OpenSearch connectivity issues:

# Check OpenSearch pods
kubectl get pods -n openchoreo-observability-plane -l app=opensearch

# Test OpenSearch connectivity
kubectl run -it --rm debug --image=curlimages/curl --restart=Never -- \
curl -v http://opensearch.openchoreo-observability-plane.svc.cluster.local:9200

Additional Configuration

k3d Cluster-Specific Setup (Optional)

If you're using k3d and need to ensure host.k3d.internal DNS resolution works correctly, configure CoreDNS:

# Get the gateway IP for the k3d network
CLUSTER_NAME="amp-local" # Adjust to your cluster name
GATEWAY_IP=$(docker network inspect "k3d-${CLUSTER_NAME}" \
-f '{{range .IPAM.Config}}{{.Gateway}}{{end}}' 2>/dev/null || true)

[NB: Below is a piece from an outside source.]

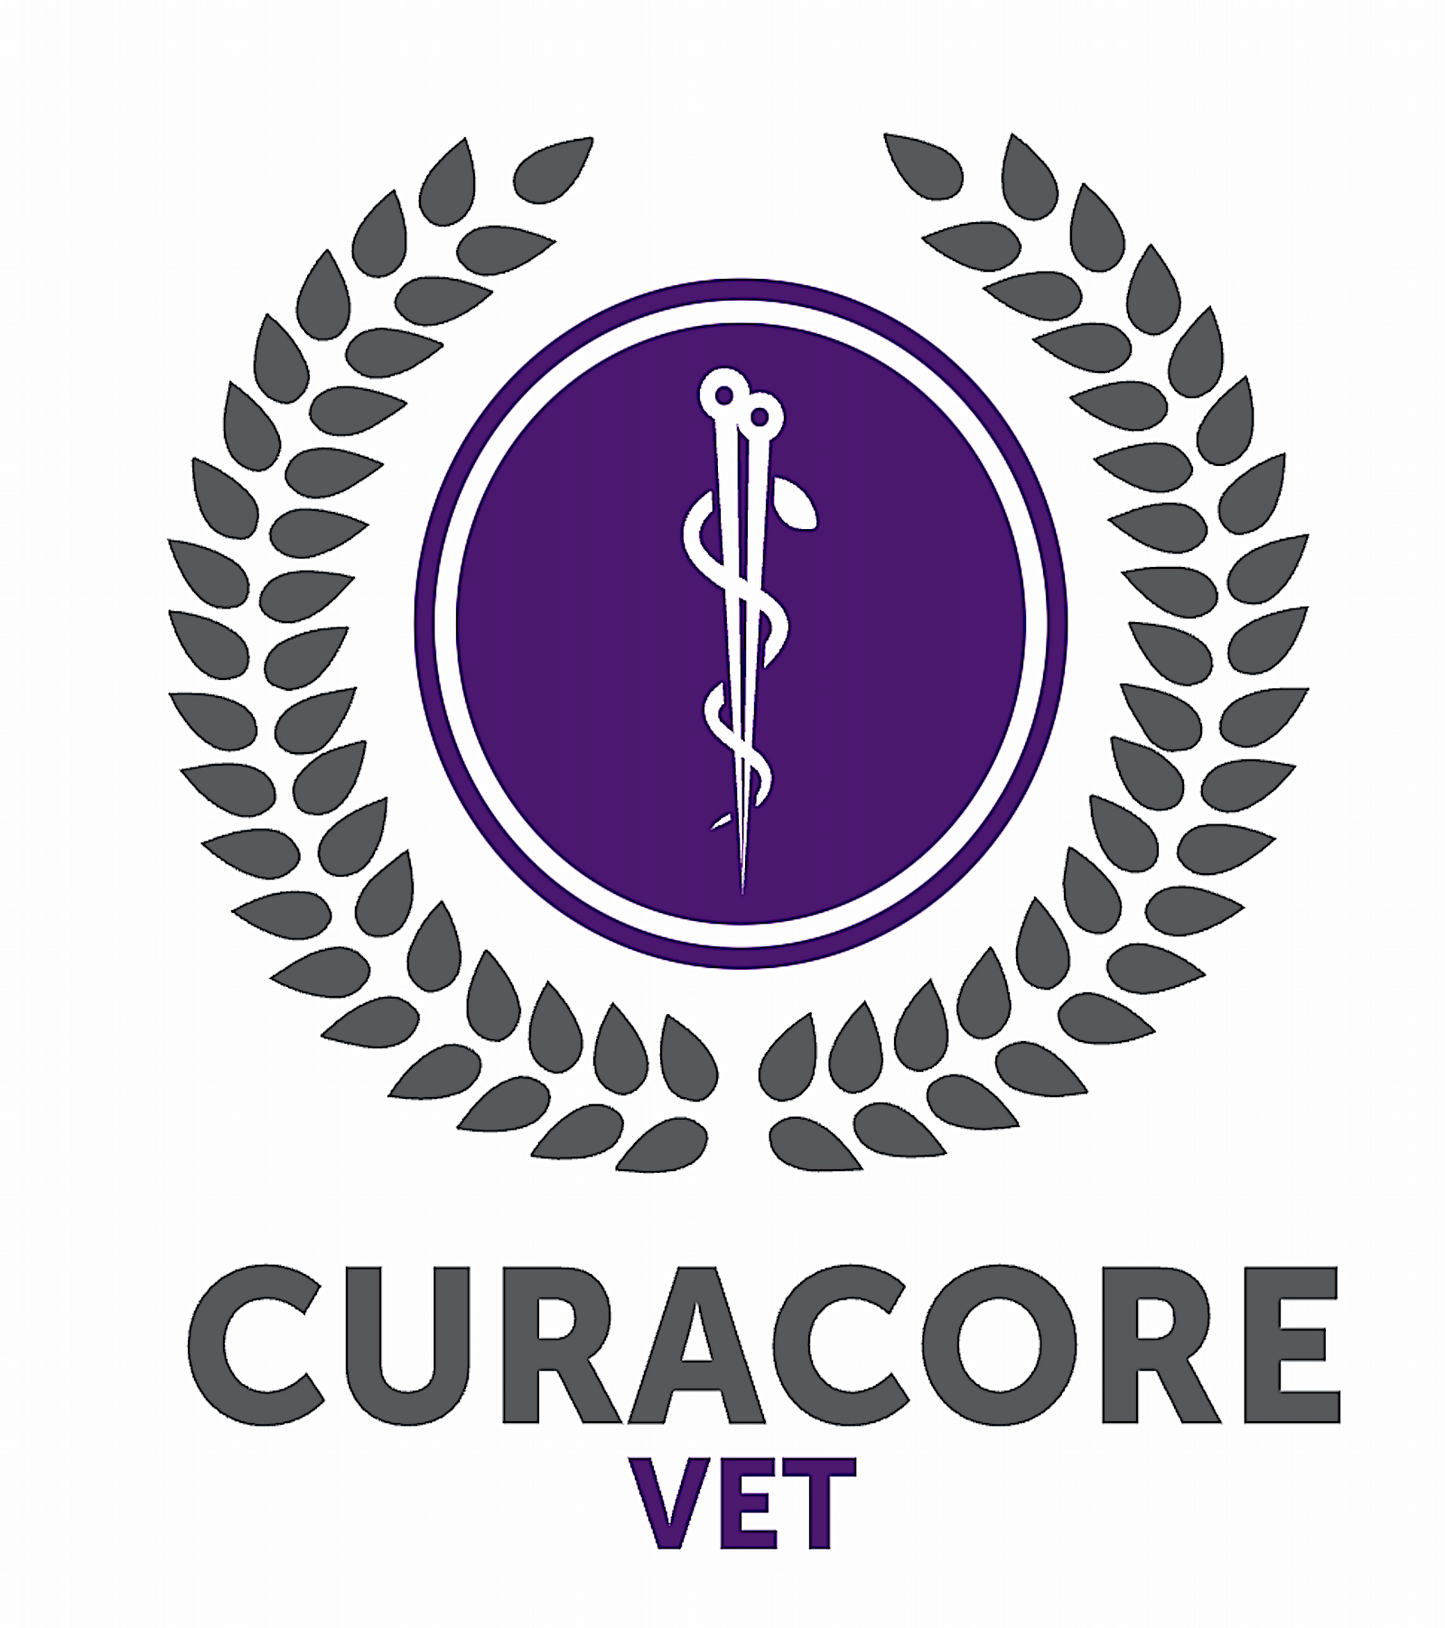 CURACORE VET: Science-based teaching since 1998

# Add host.k3d.internal to CoreDNS NodeHosts
if [ -n "$GATEWAY_IP" ]; then
CURRENT_HOSTS=$(kubectl get cm coredns -n kube-system \
-o jsonpath='{.data.NodeHosts}')

# Check if entry already exists
if ! echo "$CURRENT_HOSTS" | grep -q "host.k3d.internal"; then
echo "Adding host.k3d.internal to CoreDNS..."
kubectl patch configmap coredns -n kube-system --type merge \
-p "{\"data\":{\"NodeHosts\":\"${CURRENT_HOSTS}\n${GATEWAY_IP} host.k3d.internal\n\"}}"

# Restart CoreDNS
kubectl rollout restart deployment coredns -n kube-system
kubectl rollout status deployment/coredns -n kube-system --timeout=60s
fi
fi

Reference Configuration Files

All configuration values files used in this guide are available in the repository:

You can customize these files for your specific deployment needs.